Лаврова даже не узнать в эти мгновения. Никакой патетической сладкой ваты, в которую бывали обернуты его сценические образы. Никакого пафосного холодка, внутренней успокоенности. И лицо-то будто другое – с ясными, светлыми несчастными глазами, глубоко растревоженное. В конце третьего действия он, полубезумный, забредает в дом к Инкен Петере, сбежав от приставленных к нему врачей, – тихий, несчастный до последних пределов и все-таки хранящий искру неистребимого и гордого достоинства. Кстати вспоминаются слова Ф.М. Достоевского о том, что человеку нужно не разумно-выгодного, добродетельного хотения, а – самостоятельного, во что бы то ни стало.
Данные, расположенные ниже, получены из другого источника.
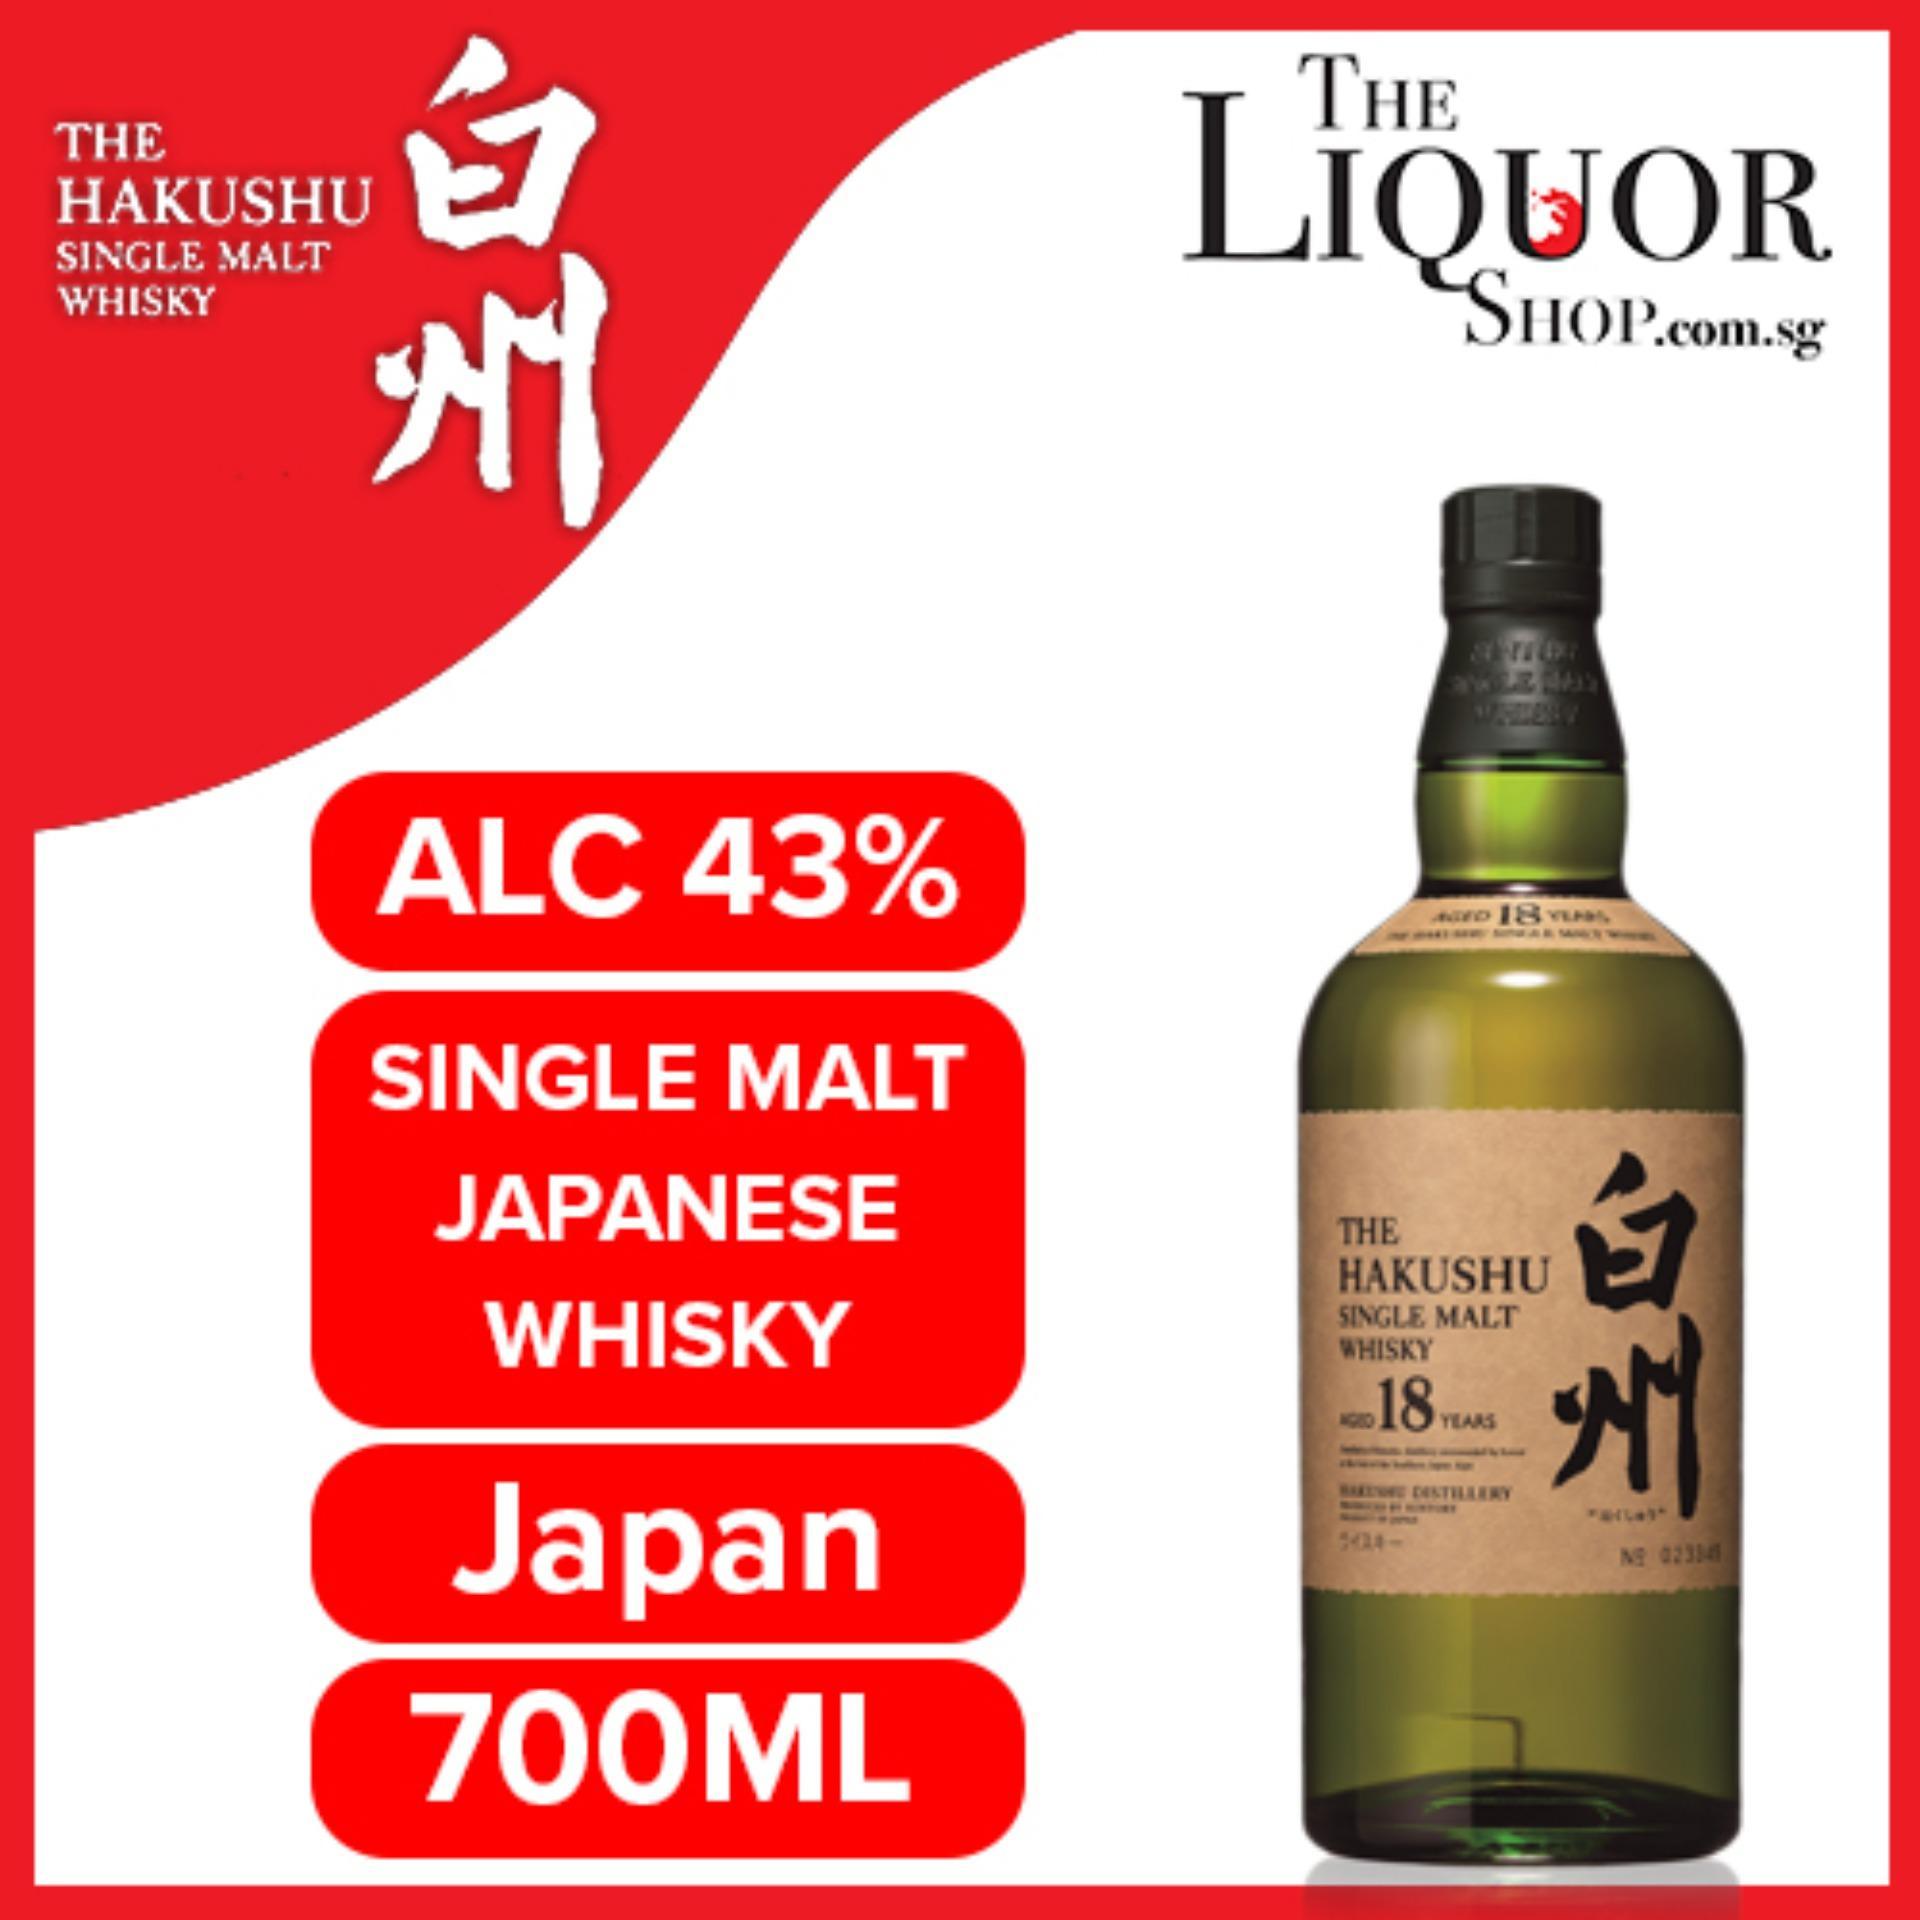 Hakushu 18 Years By The Liquor Shop.

Пропал господин тайный советник, но пропал по своей воле, «перед заходом солнца» обнаружив в себе загадочного внутреннего человека, никому и ничему не подвластного.
Конечно, в игре Лаврова есть приемы крупного профессионализма – он эффектно кричит на детей за семейным завтраком (дети выкинули стул, предназначенный Инкен Петере), красочно рвет семейные фотографии (потрясенная Беттина пытается соединить обрывки – хорошая находка), отлично умирает (выпивает яд и стоически засыпает на руках верного слуги Винтера – трогательного и вечного «слуги» Большого драматического, чудесного и естественного, как дыхание, Ивана Пальму). Роль размята, разработана, создана. Но удивляют не приемы, а нервическая пульсация бунтующей человеческой души, музыка тревоги, сопротивления, освобождения. Такое впечатление, что коварные боги театра сами удивлены и обрадованы нежданным рывком Лаврова в сценическое самопознание и благосклонны к нему.